Print out the data below in full and exactly, skipping the pictures.

━━━━━ The data ━━━━━

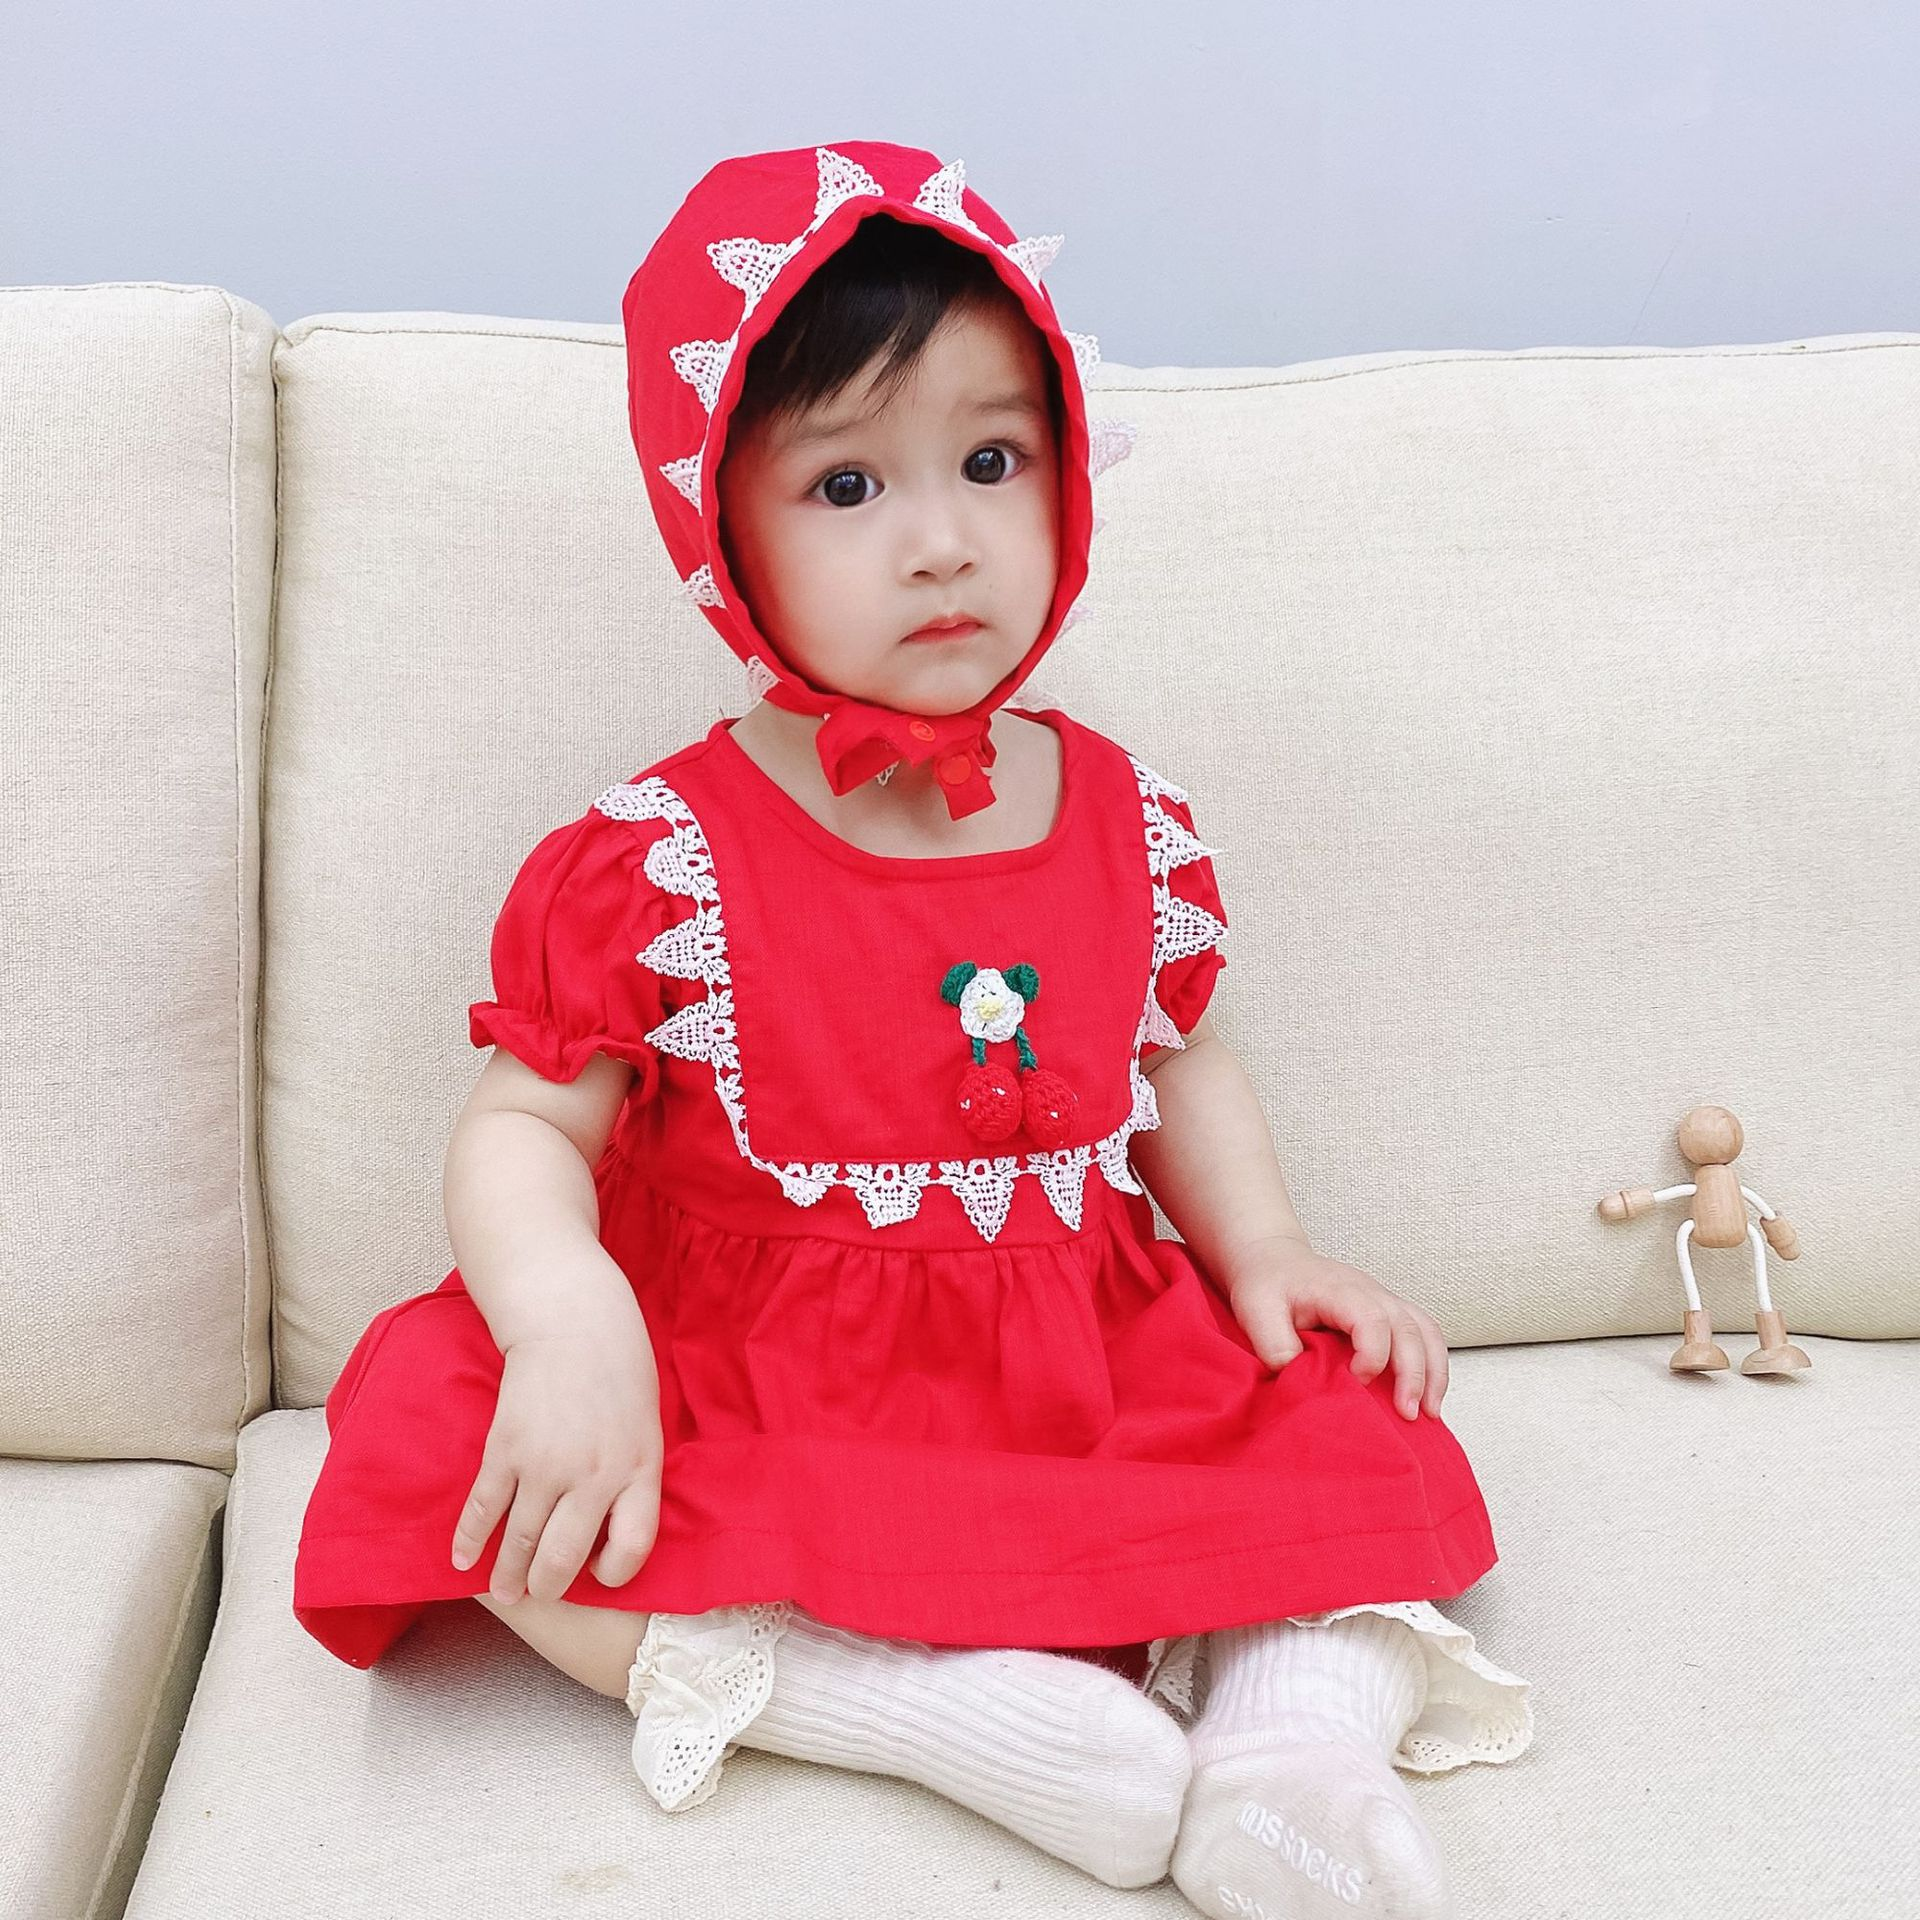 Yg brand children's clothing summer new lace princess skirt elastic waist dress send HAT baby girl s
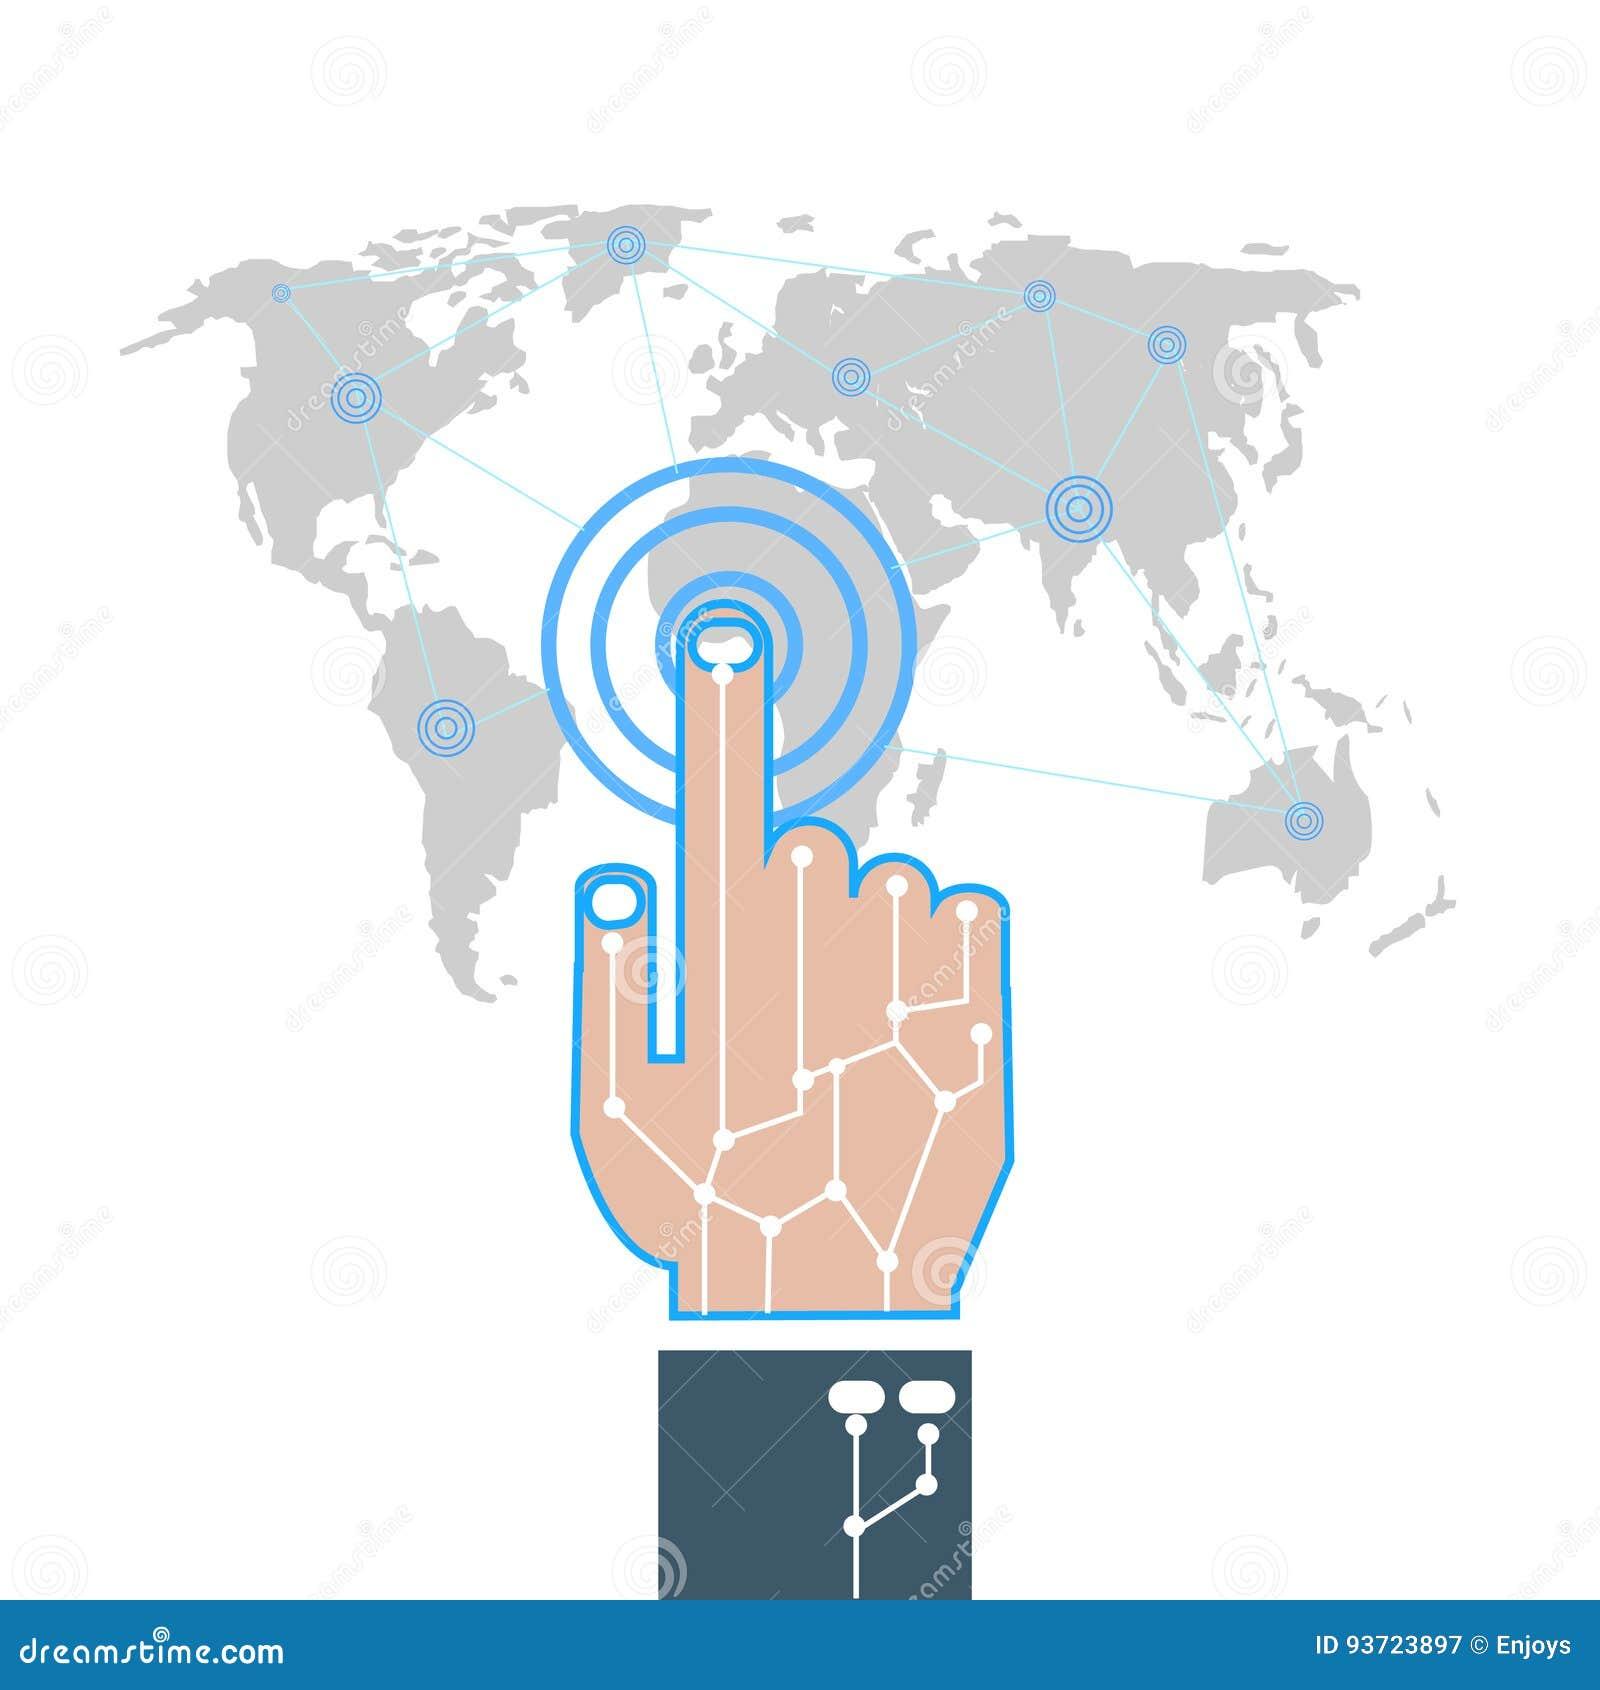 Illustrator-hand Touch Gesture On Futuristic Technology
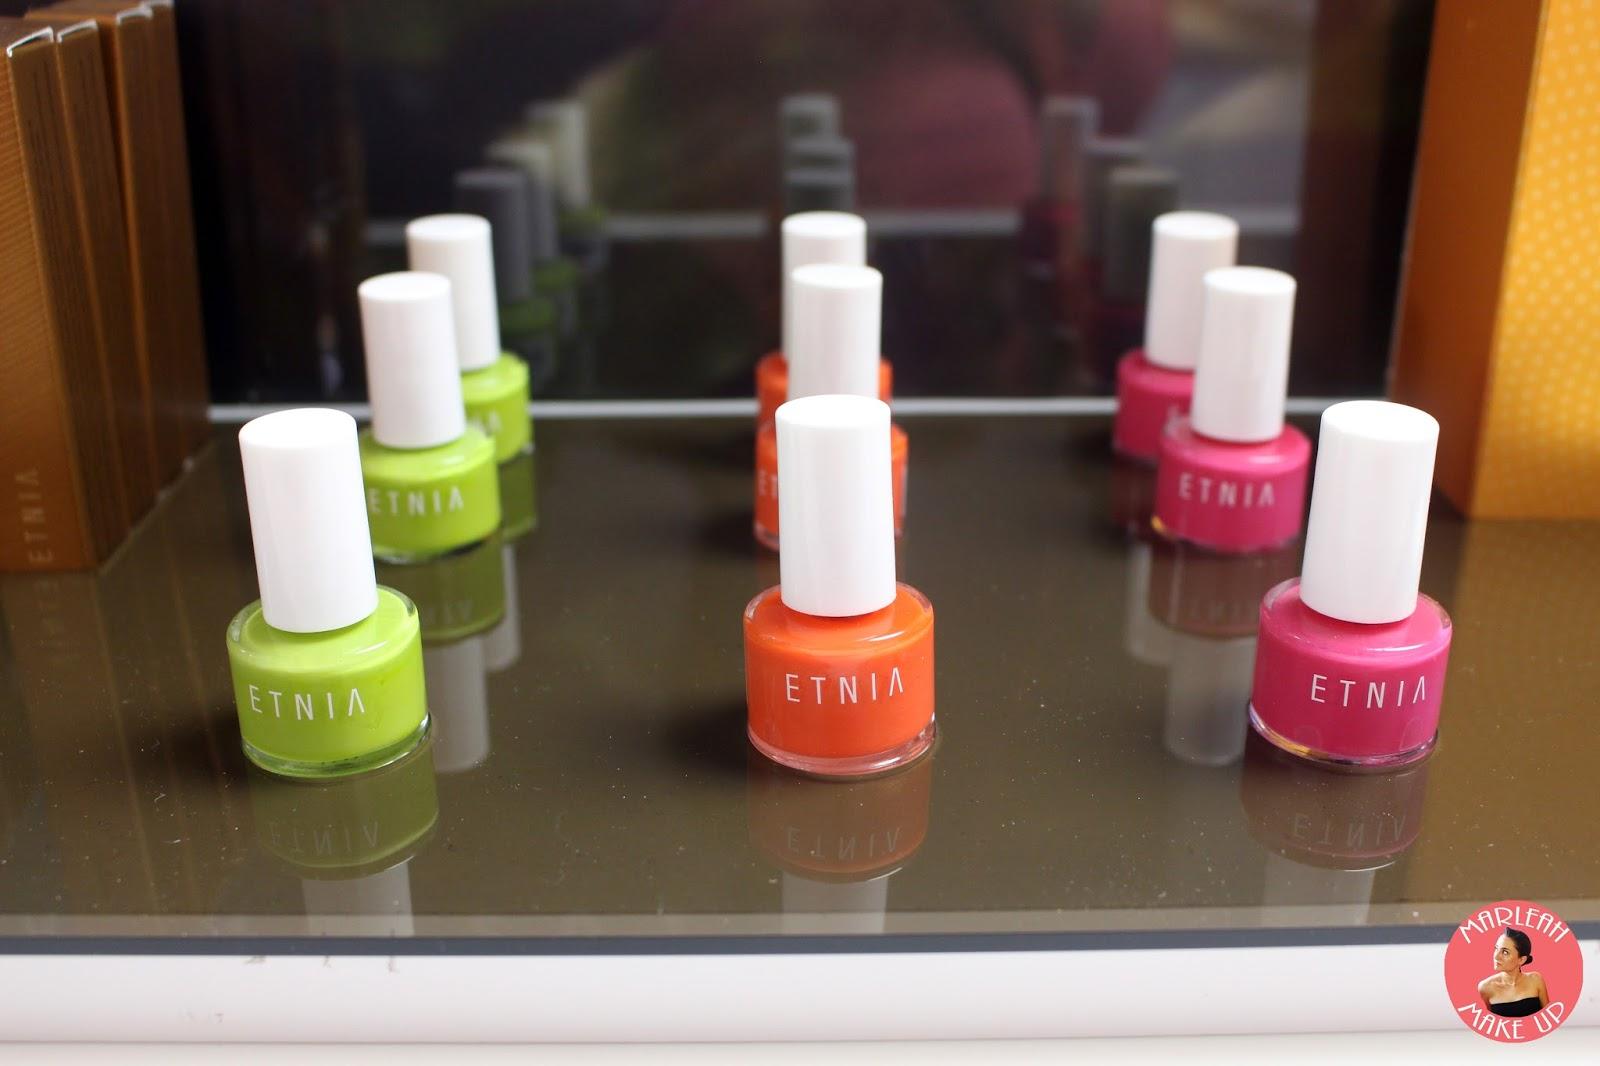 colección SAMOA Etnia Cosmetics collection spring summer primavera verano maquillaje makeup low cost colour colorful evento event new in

━━━━━

**Reply to the task:**
 Yg brand children's clothing summer new lace princess skirt elastic waist dress send HAT baby girl s
 Illustrator-hand Touch Gesture On Futuristic Technology
 colección SAMOA Etnia Cosmetics collection spring summer primavera verano maquillaje makeup low cost colour colorful evento event new in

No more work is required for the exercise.